After Texas experienced an uncharacteristically balmy Christmas Day, a massive blizzard struck the western half of the state. A dozen people died in the 48-hour-long storm that began Dec. 26, and the New York Times reported that a staggering 35,000 dairy cows were lost in the deluge.
But it was not the cold that killed most the cows. While some did freeze to death, it is likely that the majority starved to death. According to the Times, with snow drifts as high as 14 feet in some spots, many ranchers judged the trek to feed their herds to be impossible.
The Times reported that though farmers prepared as well as they could — layering extra bedding behind wind breaks, placing extra bales of hay in front of calf bungalows and in hutches where snow easily accumulates — many cows were buried alive in the storm.

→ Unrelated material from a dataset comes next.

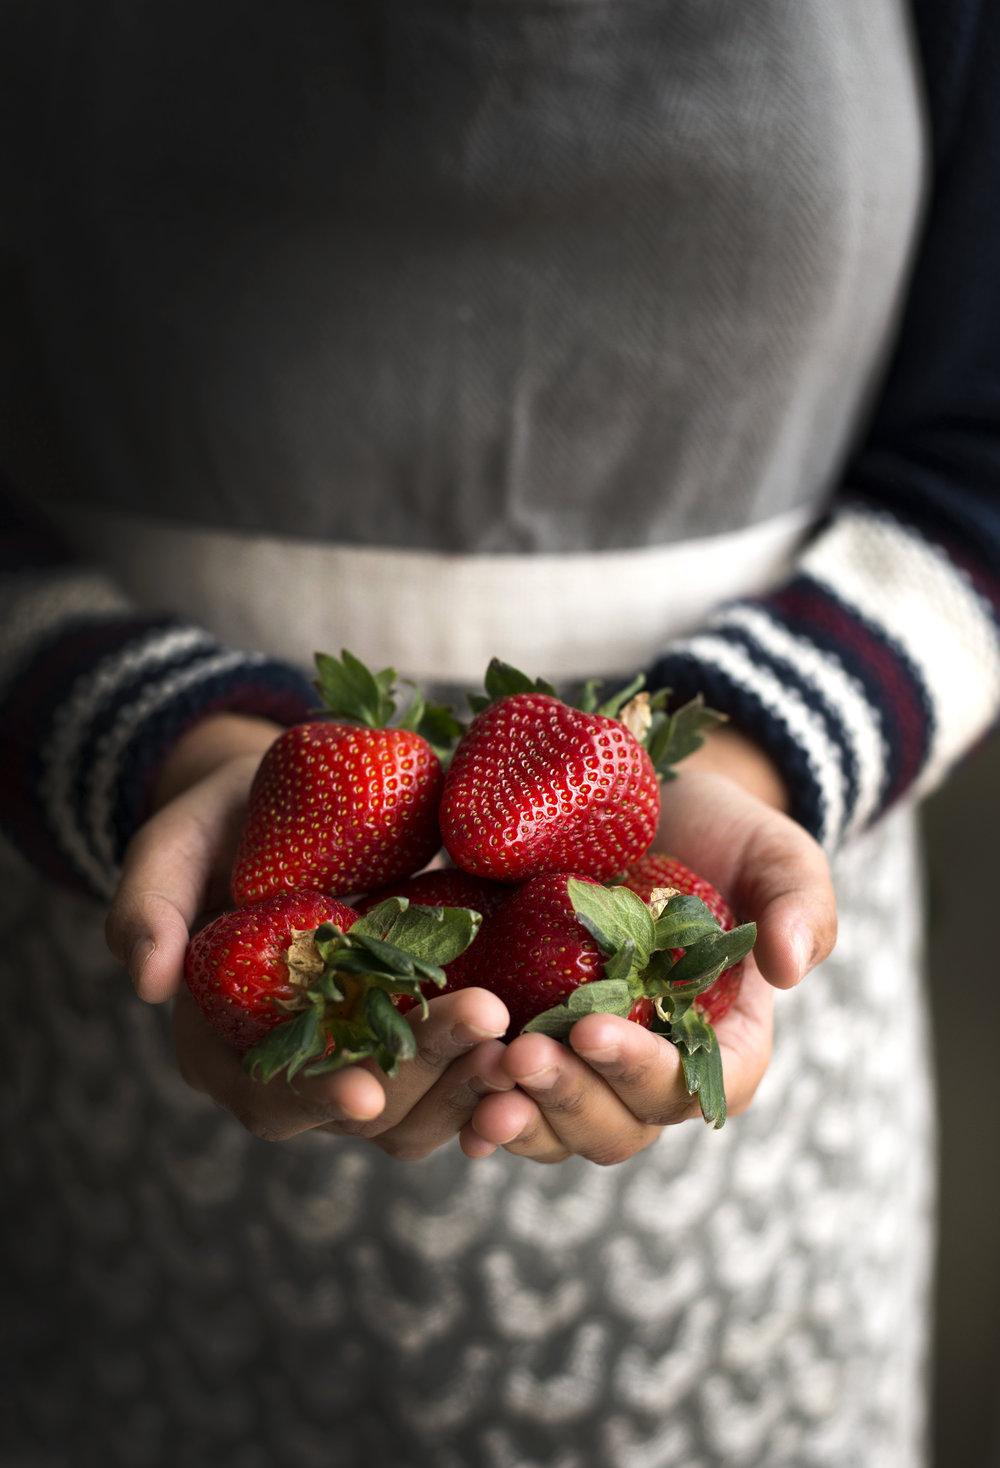 Strawberriesinhand-HR-SimiJois-2016.jpg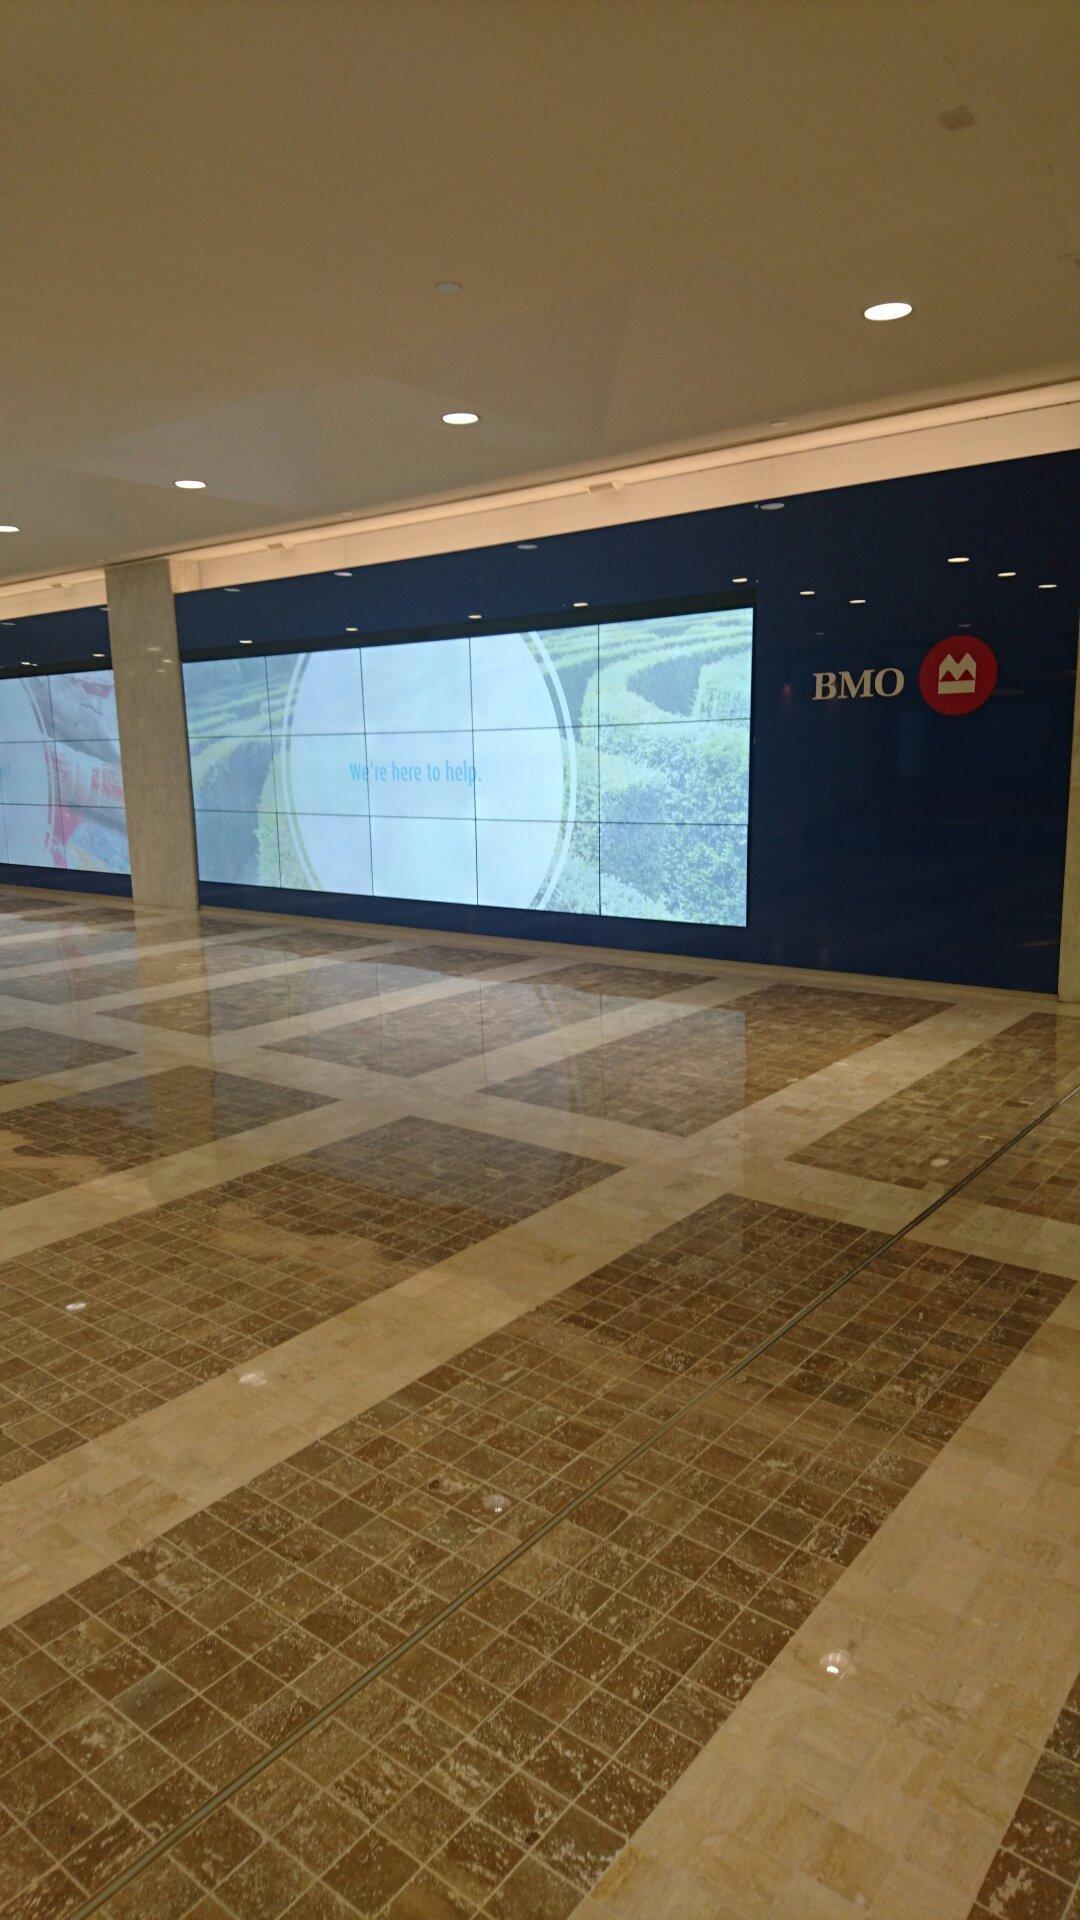 Toronto subway beneath the Bank of Montreal

Calves that had been nestled inside stalls starved when no one was able to reach them. Some farmers who tried to retrieve their animals got lost and disoriented among the heavy blankets of white enveloping their own land.
Earlier reports estimated the cattle death toll to be about 15,000, but as farmers began to discover more cows and calves in the melting snow, the death toll surged to more than 35,000, or about 10 percent of dairy cows in the entire region.
The major problem that remains, aside from the enduring financial blow farmers now face, is the task of disposing of the dead cows. Since the cattle have been raised for dairy and not meat, the carcasses will likely be delivered to a rendering plant to be made into feed for other animals.
The cows that survived will likely produce less milk after not being milked for a few days in a row, but according to agricultural economist David Anderson from Texas A&M University, consumers should not expect a noticeable increase in the prices of milk or other dairy products as there is an ample supply.
The striking level of animal carnage brought to light a concerning factor regarding the welfare of outdoor farm animals. Dairy cows graze outdoors year-round but can be kept in barns during severe weather like that of El Niño.